The latter skill has been put to the test recently as Wierzycka’s outspoken anti-corruption views have led to death threats and the dissemination of poorly photoshopped images of her head on dominatrices’ torsos that purported to reveal “Magda’s secret past.” As luck would have it, our interview coincided with the publication of a 1,000-word character assassination by one of her many targets: Black-owned Sagarmatha Technologies Ltd. (a new arm of one of the most aggressive and controversial media firms in the country), via a deputy chairwoman, accused Wierzycka of “covert racism” and called her “a minnow and publicity-seeking asset manager” for questioning its financial fundamentals. “I’ll sue. I’ll win. And I’ll donate the money to charity,” Wierzycka told me.

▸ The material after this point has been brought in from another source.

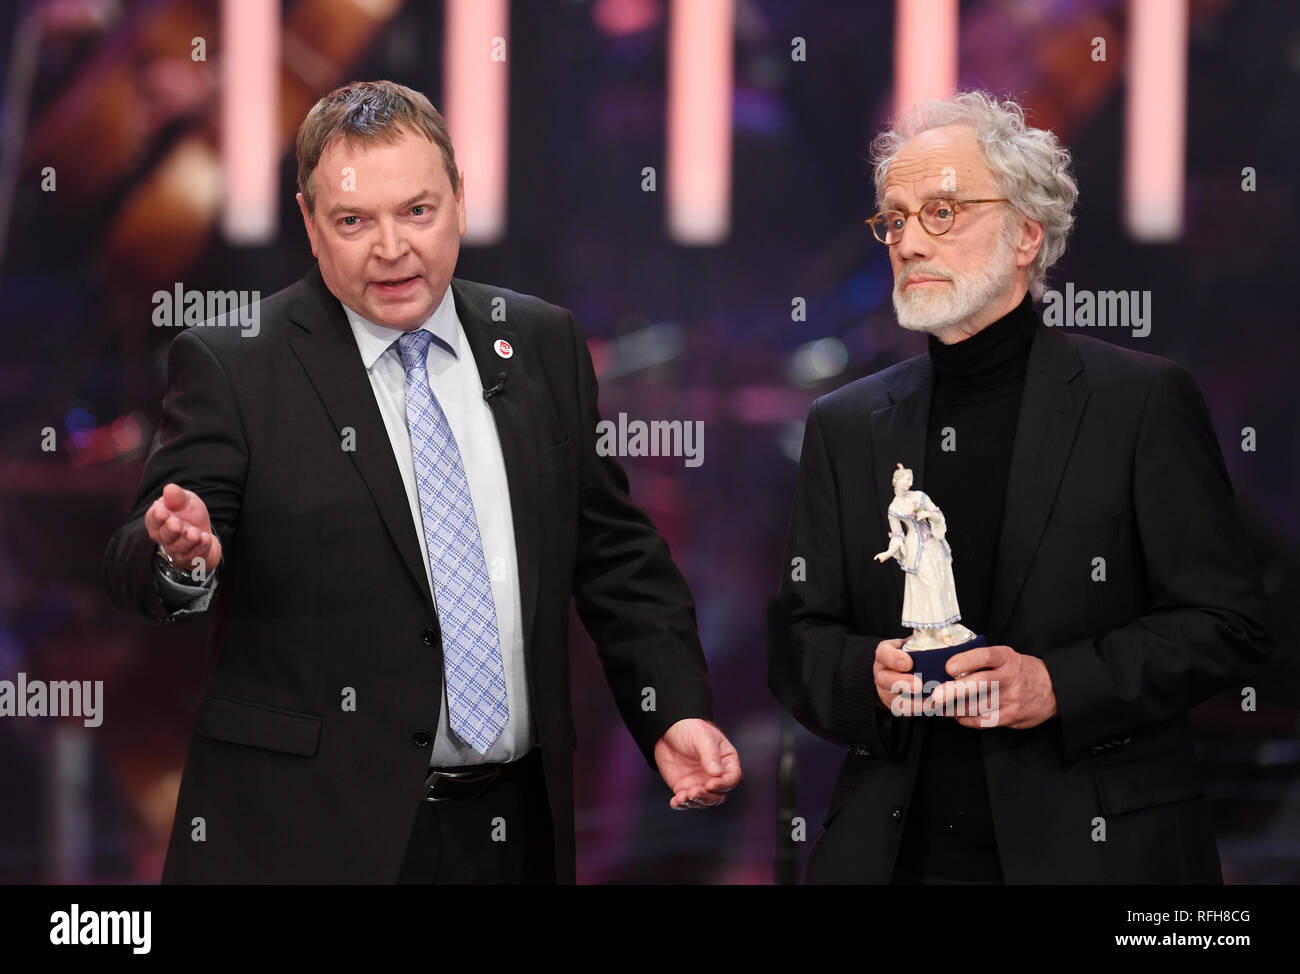 25 January 2019, Bavaria, München: Markus Imhoof (r), Swiss film director, receives his award from Claus-Peter Reisch, captain of the Lifeline rescue ship, at the Bavarian Film Award ceremony in the Prinzregententheater. Imhoof was awarded the documentary film prize for the film 'Eldorado'. Photo: Tobias Hase/dpa Stock Photo

Last year was “a big year,” she says, referring to the succession of scandals that ultimately led to the collapse of the Zuma government. While most business leaders “buried their heads in the sand, I decided to take an active stance,” she says. Wierzycka, who for two decades had written articles about financial topics as PR for her various employers, turned her hand to investigative journalism.

 One “Sunday afternoon on the couch,” while perusing the Security and Exchange Commission reports of Nasdaq-listed NET1 — the company in charge of South Africa’s social grant system — she unpacked the “horror show” of a company with a “stated financial objective [to] exploit the most vulnerable strata of society.”

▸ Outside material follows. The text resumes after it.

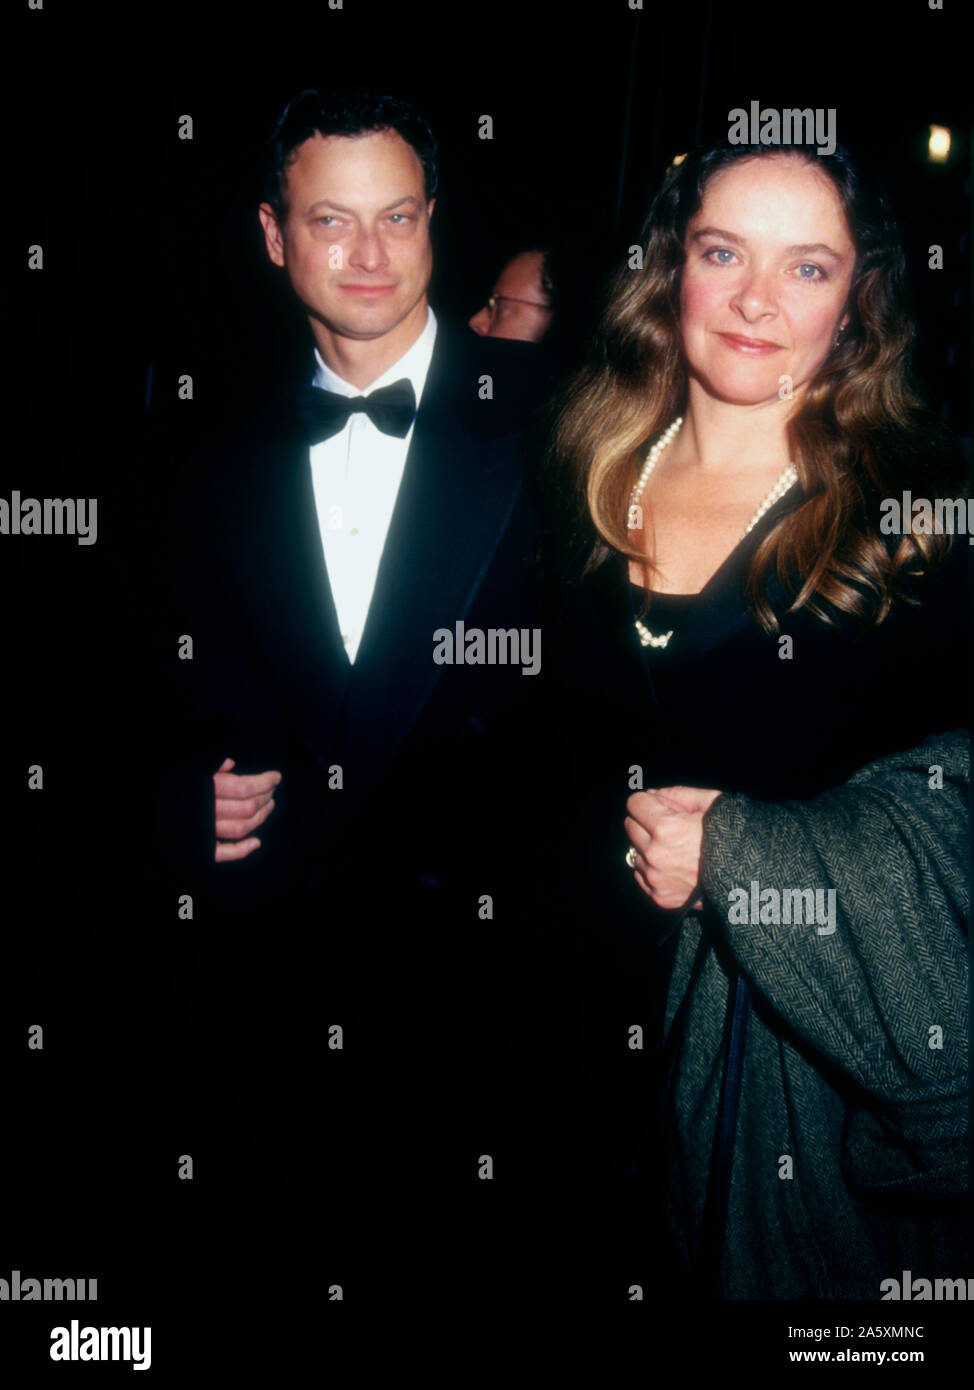 Beverly Hills, California, USA 2nd March 1995 Actor Gary Sinise and wife Moira Harris attend the 23rd Annual American Film Institute (AFI) Lifetime Achievement Award Salute to Steven Spielberg on March 2, 1995 at the Beverly Hilton Hotel in Beverly Hills, California, USA. Photo by Barry King/Alamy Stock Photo Stock Photo

Since lifting the lid on NET1, Wierzycka has pursued them and other targets relentlessly, writing regular columns for two publications and tweeting prolifically. (In March she quit Twitter not long after a tweet promoting hiring more household help as economic stimulus was labeled racist, and while she says she’ll never “tweet for the sake of it” again, she hints that she will be back.) She has even offered rewards for any information leading to the apprehension of members of the Gupta family, who have become synonymous with the state capture presided over by President Jacob Zuma.

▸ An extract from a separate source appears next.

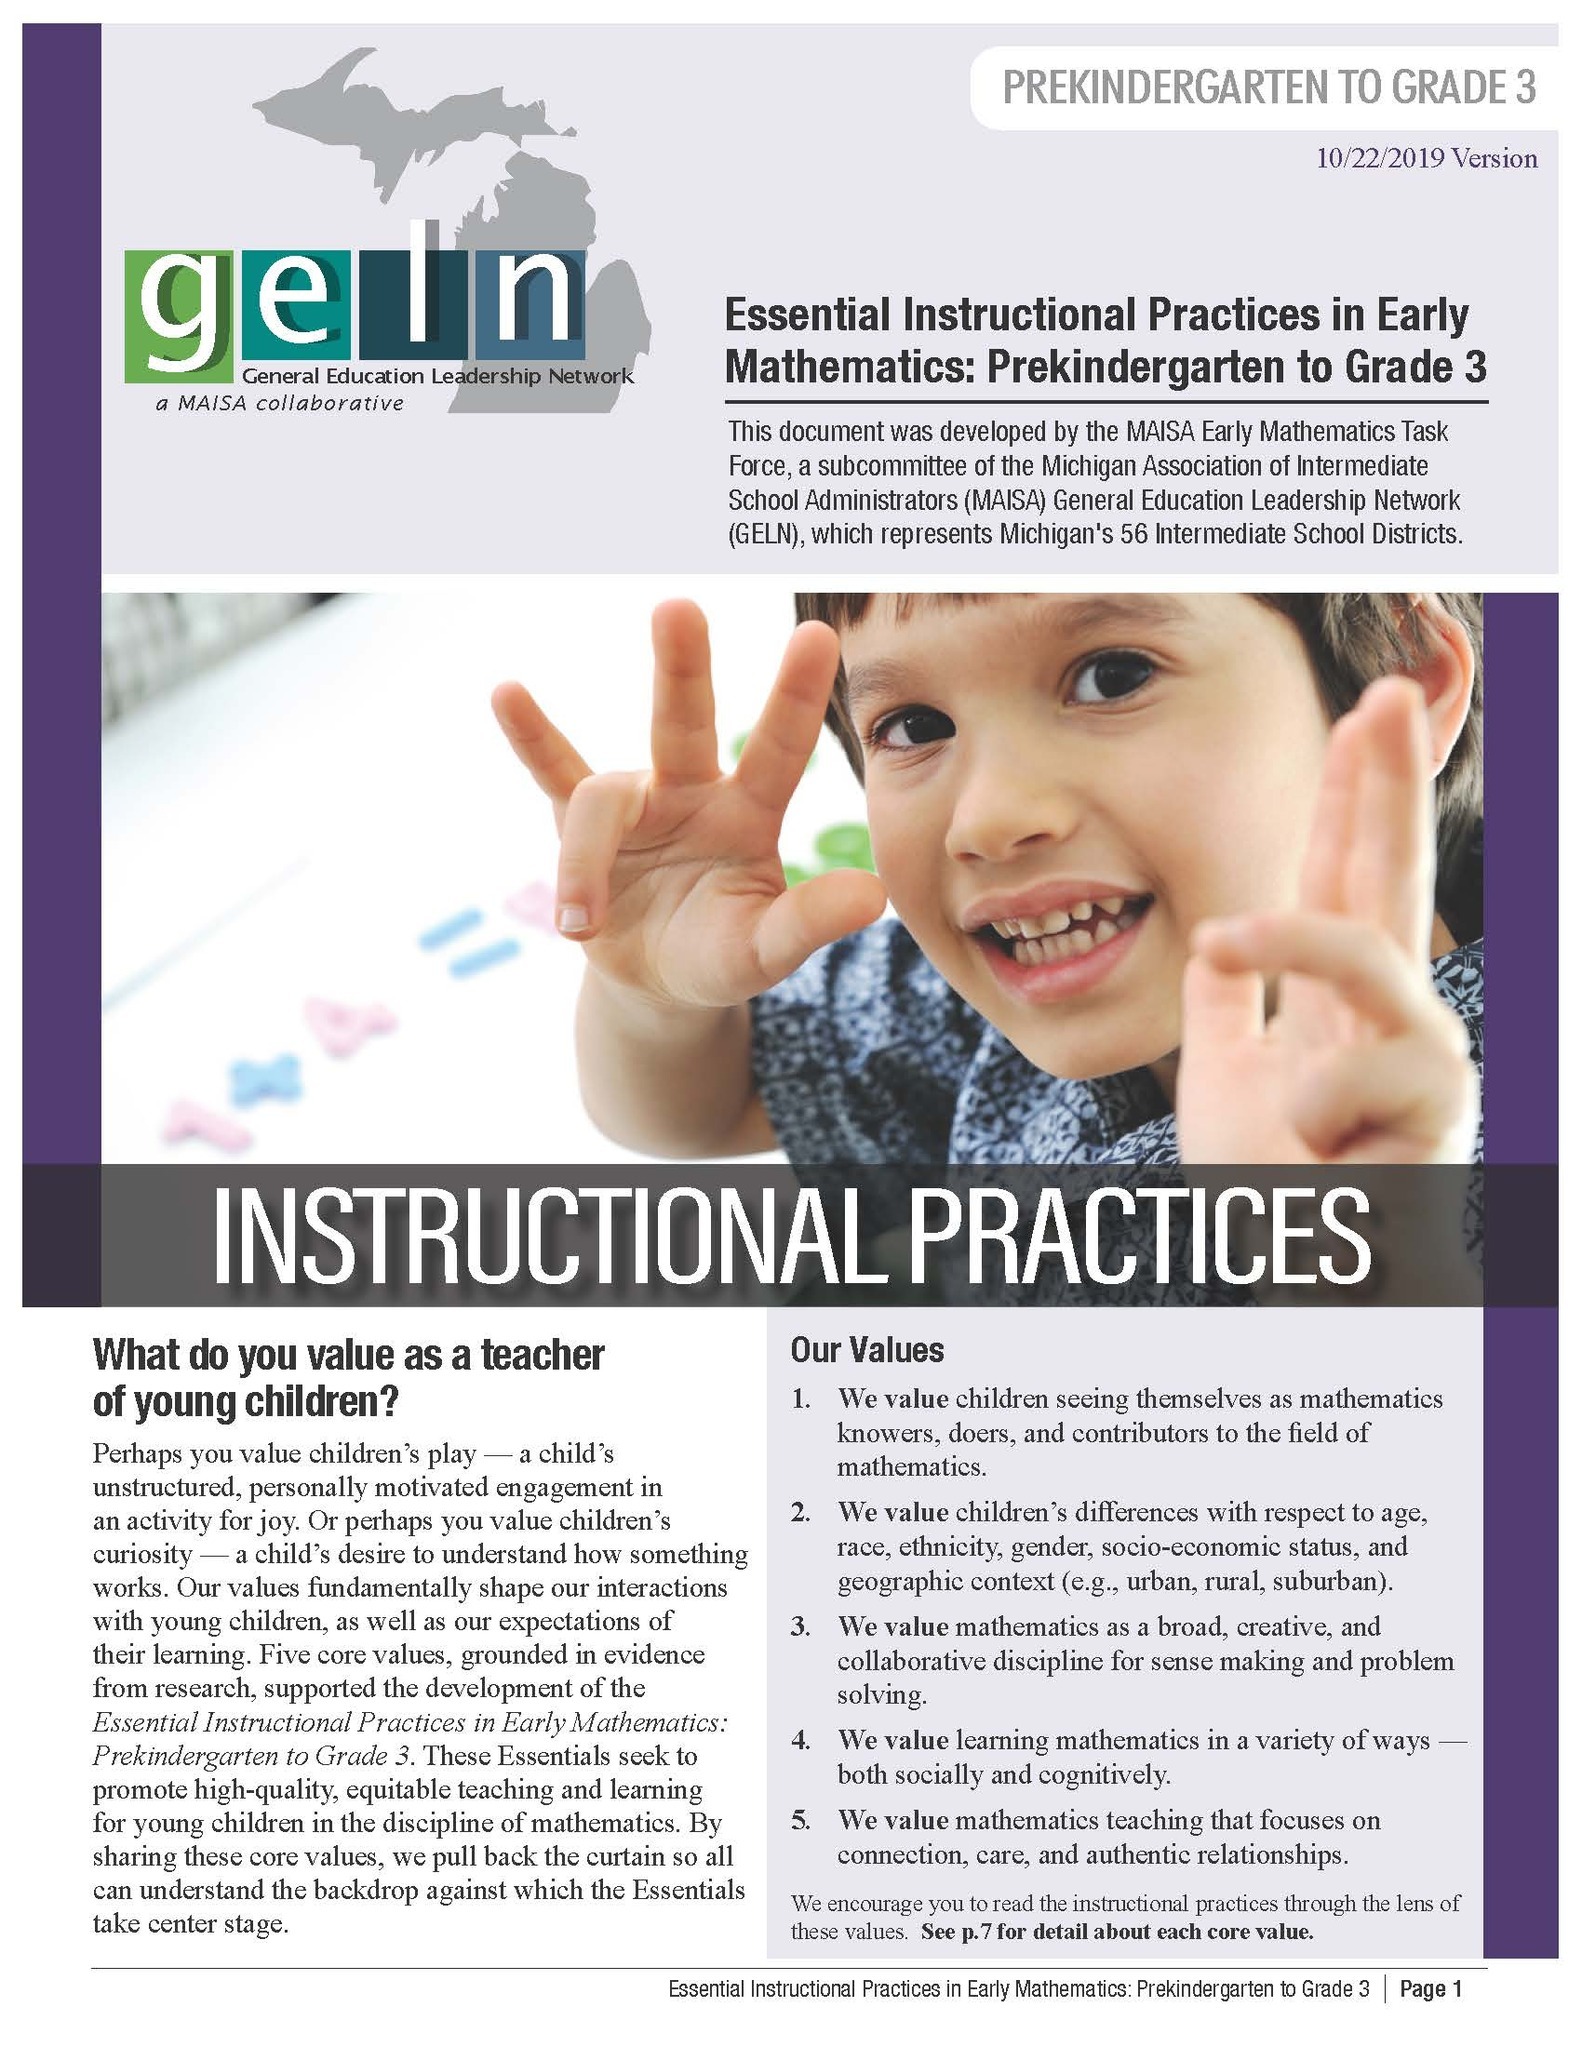 Early Math Pre-K - 3 Document

Wierzycka’s activism is a personal endeavor (Giles says, though, that the Sygnia board is “behind her all the way”) and she says any positive PR for Sygnia is a “secondary consequence.” Welz, the seasoned journalist, is not convinced, “but who cares? Every company markets itself … so why not market yourself by doing the right thing?” Either way, while Wierzycka would love to focus entirely on Sygnia, she’s well aware that the situation in South Africa likely requires more muckraking.
Instead of “whingeing,” she’s pushing ahead with plans to launch South Africa’s first cryptocurrency exchange later this year. And she’s working on a “really big idea” that she hopes will make the firm money and bring “lots of social benefits” to the African continent. Whatever it is, it won’t be quiet.